Jak już uprzednio przedstawiłem, inaczej niż większość
innych firm pingpongowych wszystkie nasze produkty opracowujemy sami.
Wszystkie okładziny i deski w naszej gamie produktów
stanowią efekt olbrzymiego programu badawczo-rozwojowego, który może trwać do 1
roku na każdy pojedynczy produkt. Każde opracowanie wymaga wyprodukowania dużej
ilości próbek, dotyczy to zarówno okładzin, jak i desek. W przypadku samych
naszych gum antyspinowych wyprodukowaliśmy i przetestowaliśmy kilkaset
okładzin, nie wspominając już rozmaitych, całkiem drogich form (do wytłaczania).
Rozumie się samo przez się, że nie sprzedajemy tak wielu
okładzin i desek, jak wielcy producenci tenisa stołowego, bo grupa naszych
docelowych klientów (czopy i antki) jest znacznie mniejsza.
Zważywszy na stosunkowo wysokie koszty stałe promocji i
reklamy, jak też inne wydatki ponoszone na prowadzenie firmy, musimy utrzymywać
czasami nasze ceny detaliczne na poziomi wyższym, niż inne firmy.
12. Wyczytałem
gdzieś, że używał Pan różnych zestawów na różnych przeciwników. Czy jest w tym
stwierdzeniu jakaś prawda? Jeśli tak, to czy zaleca Pan to wszystkim, czy też
związane są z tym jakieś ryzyka. Właściwie to na Pana wyczucie, jakie są zalety
i wady zmieniania sprzętu, mającego na celu dopasowanie się do stylu przeciwnika.
Tak, noszę w torbie kilka rakietek, szczególnie przy
okazji ważniejszych turniejów.
Aktualnie używam głównie okładzin antyspinowych na
bekhendzie (‘Grizzly’ z nowym tłumiącym podkładem i ‘Anti Special’), oraz
krótkich i średnich czopów na forhendzie (‘Leopard’ i ‘Diamant’). Używam trochę
wolniejszej rakietki przeciwko silnym graczom topspinowym, gdzie najważniejszy
jest krótki blok. Szybsza rakietka pomaga mi grać zwodniczym blokiem, jak też
wykonywać agresywne pchnięcia i lifty przeciwko bardziej pasywnym przeciwnikom.

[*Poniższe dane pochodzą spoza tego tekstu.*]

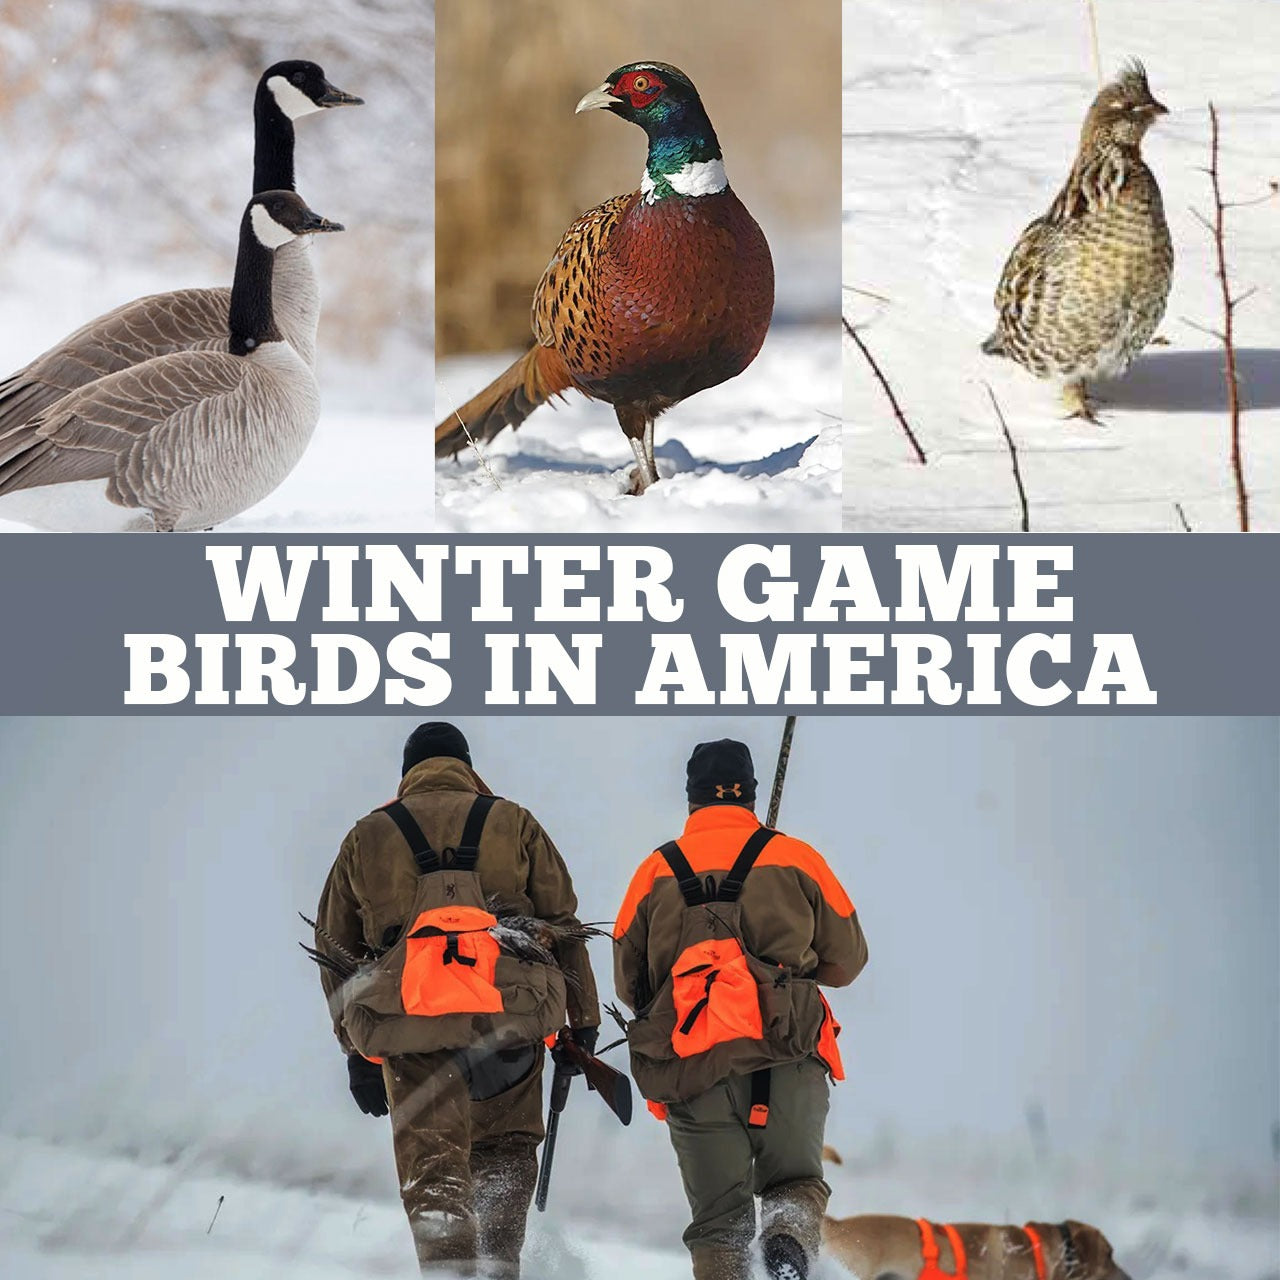 Winter Game Birds in America
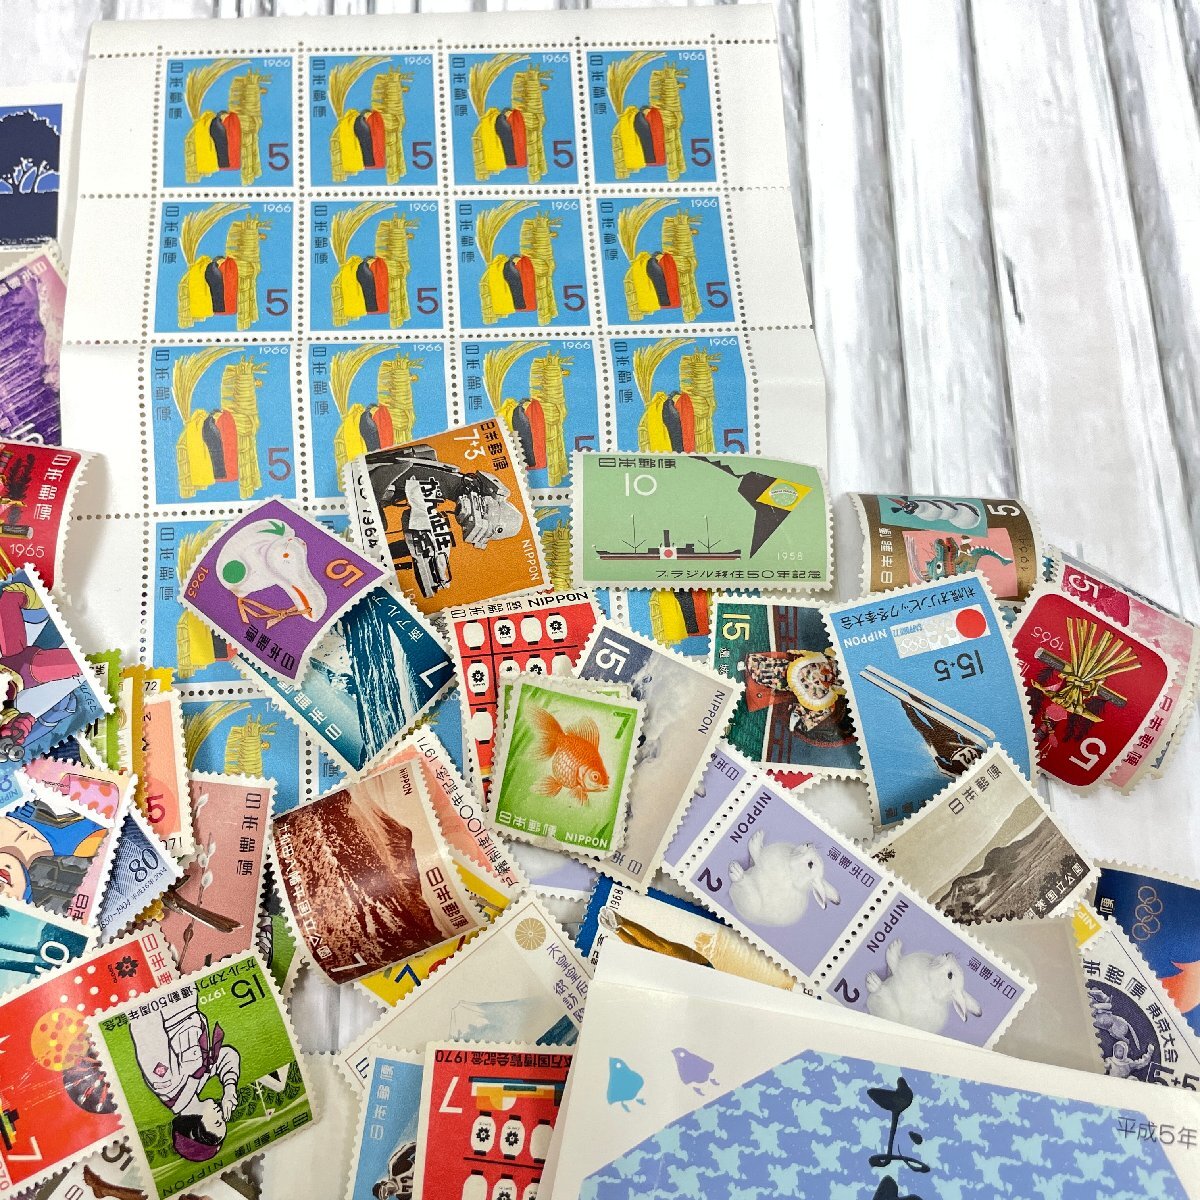 m002 H8 1 送料無料 未使用 バラ 切手 1万円分 額面10,000円分 まとめて 日本切手 郵便 記念切手の画像3

Mam również jedną rakietkę z naszymi nowymi długimi
czopami ‘Fighter’, która jest bardzo skuteczna przeciwko wolnym graczom (podcinającym
lub wolno atakującym).
Aby zmieniać rakietki jedną na drugą (w zależności od gry
przeciwnika), trzeba mieć dobre czucie piłki i zdolność dostosowywania się do
różnych okładzin w ciągu kilku minut. Gracze mający trudności w używaniu innego
typu sprzętu nawet po kilku tygodniach treningu, powinni trzymać się jednej
rakietki.
13. Jak Pan
myśli, dlaczego antki nie zyskały dużej popularności? Czy wciąż eksperymentuje
Pan z antkami, czy też wszystkie badania zostały już dokonane?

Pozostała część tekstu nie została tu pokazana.